The ambiguity of China’s policy contributed to the failure of international efforts to curb Pyongyang’s nuclear ambitions as much as America’s negligence. China has become a superpower, but it is anachronistic - and lackadaisical - to maintain the cold war policy of keeping North Korea as a buffer to counter the South Korea-U.S. alliance even when Seoul-Beijing relations have progressed into a strategic partnership. In addition, its choice to keep open the possibility of nuclear proliferation by not actively discouraging North Korea’s nuclear program is wrong, especially when all countries in East Asia recognize China as the only nuclear power in the region. Just as professor Zheng Wang pointed out, China may have become overly comfortable with tradition and convention and has been engaging in North Korean relations - especially the North Korea’s nuclear issue - without establishing a clear foreign policy goal that corresponds to the times.
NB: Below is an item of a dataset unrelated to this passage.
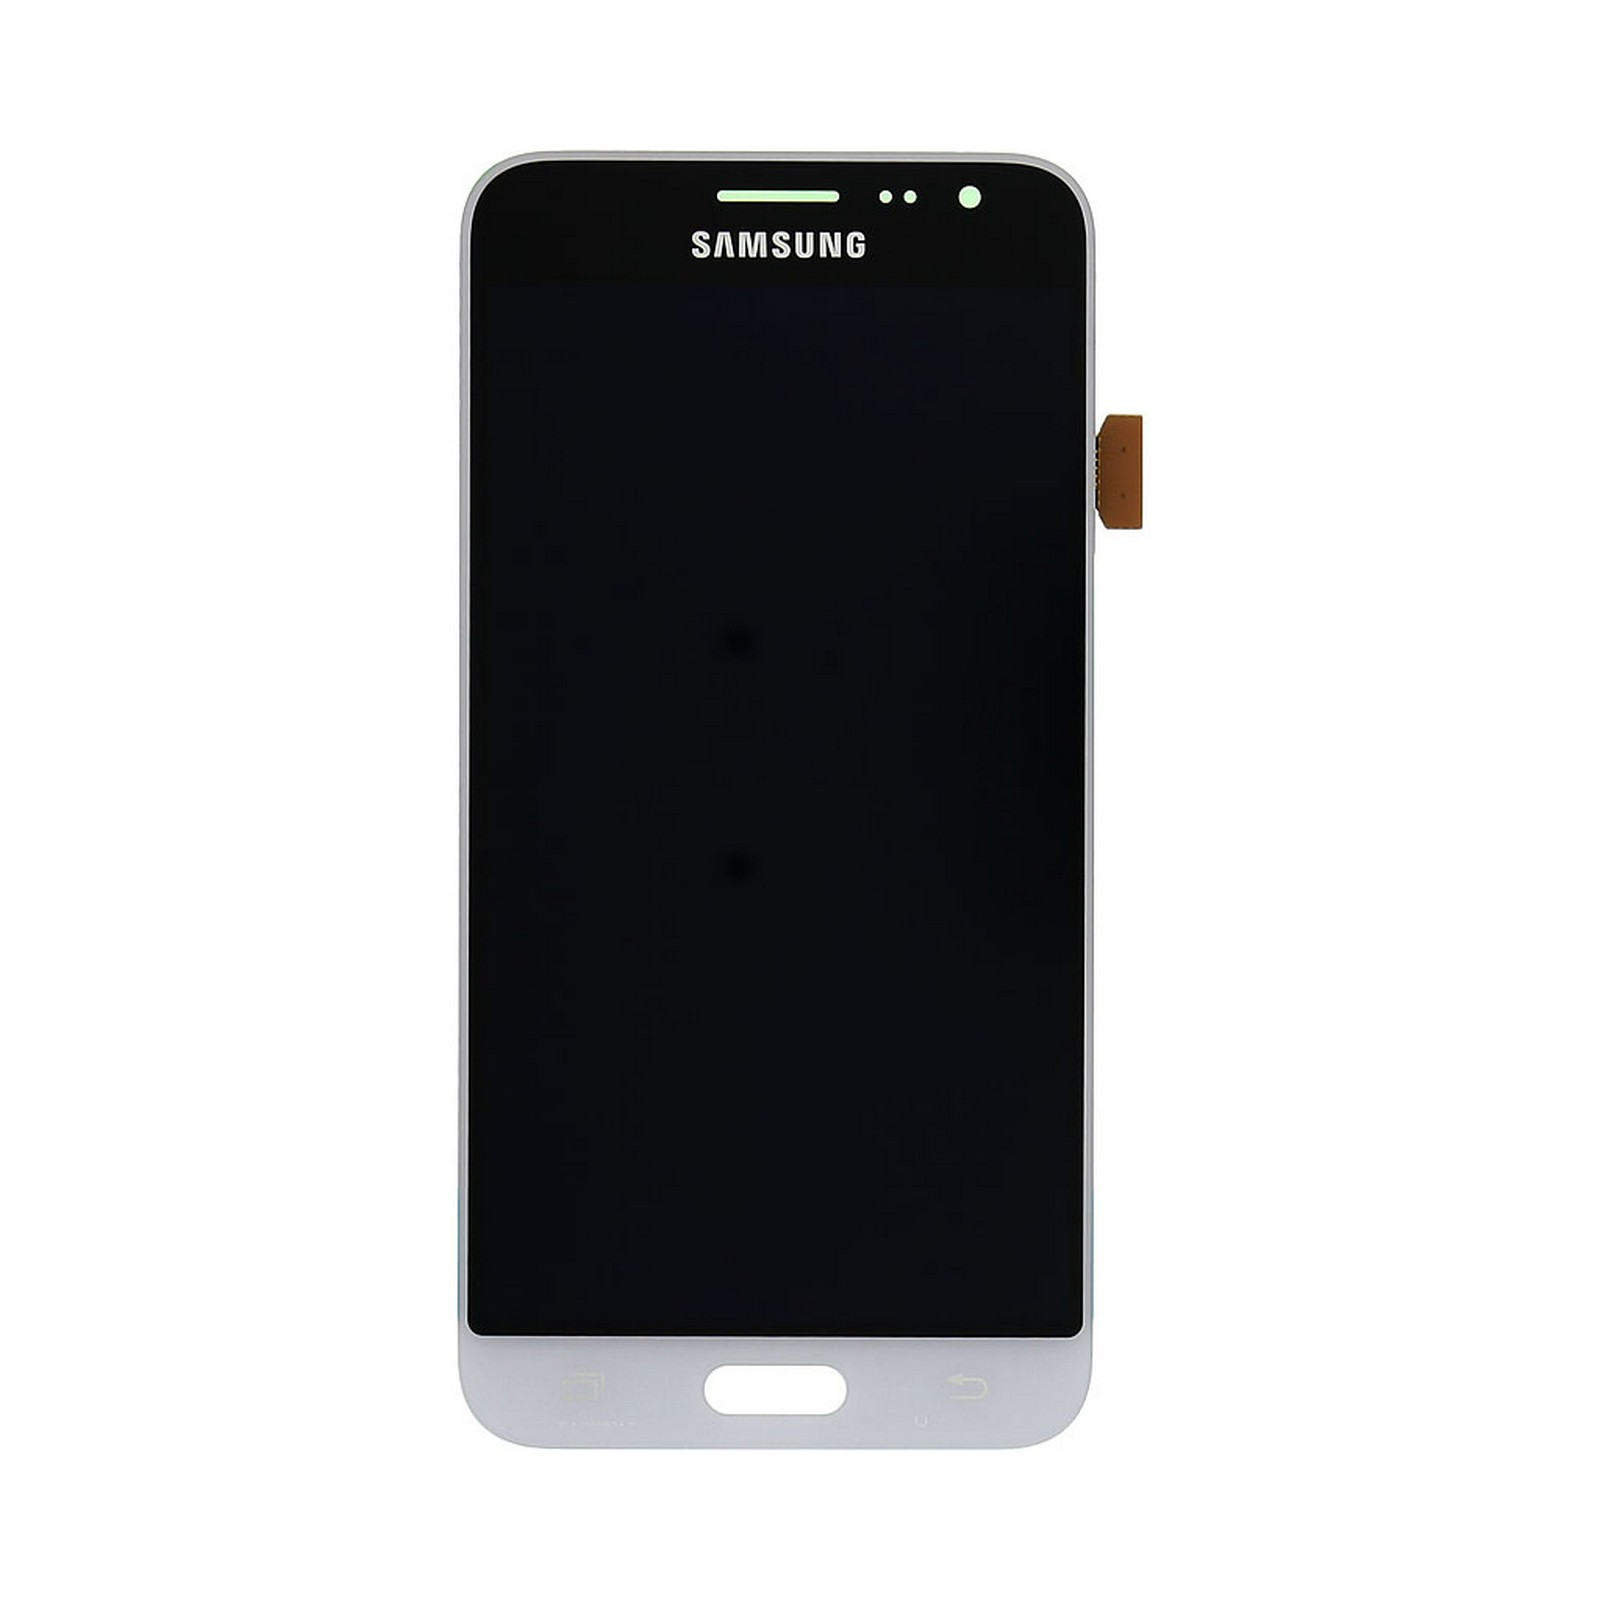 display lcd touch screen originale samsung galaxy j3 2016 sm j320fn bianco ebay. Black Bedroom Furniture Sets. Home Design Ideas

It is fortunate that the United States and China are seeking a new breakthrough after acknowledging the limits and failures of their policies on North Korea’s nuclear threat. Since no one wants a war on the Korean Peninsula, that ultimately means pursuing a revival of diplomacy with effective persuasion, pressure and compromise. It’s about time that Washington and Beijing recognize a lack of notable diplomatic efforts since the secret negotiation between Henry Kissinger and Zhou Enlai changed the cold war structure 40 years ago. Just as the resolution of the German problem brought peace to Europe, we need to establish mutual awareness that we need a resolution of the Korean Peninsula issues - including North Korea’s nuclear threat, in particular - for the peaceful development of Asia.

For such a diplomatic breakthrough, interested nations - especially America and China - need to modify their understandings of the nature of North Korea’s regime. North Korea is an extraordinary country, not a typical totalitarian or communist state. Therefore, the radical and unusual behavior of the recalcitrant country, which is far from international standards, is often considered a catastrophic pathological phenomenon. As a result, the international community believes that Pyongyang cannot be a partner in normal negotiations or compromise.

Therefore, some assume that denuclearization is impossible in any case. However, the course of North Korea’s survival over six decades illustrate that Pyongyang has been logically pursuing the interest of its own survival. North Korea is not a suicidal system that shuts the door to negotiations needed for its survival. So we can reach a conclusion that the critical point, which is now, is the time for Washington and Beijing to come up with a diplomatic solution and push for it firmly.

Just in time, a new leadership has been established in all six countries surrounding the Korean Peninsula - with the leaders either newly elected or successfully reelected. The idea that summit diplomacy is the best shortcut to guaranteeing denuclearization of the North and peace in the peninsula is becoming increasingly persuasive. We hope that President Park Geun-hye’s visit to Washington in May serves as the beginning of “preventative diplomacy.”

Translation by the Korea JoongAng Daily staff.

*The author is former prime minister and adviser to the JoongAng Ilbo.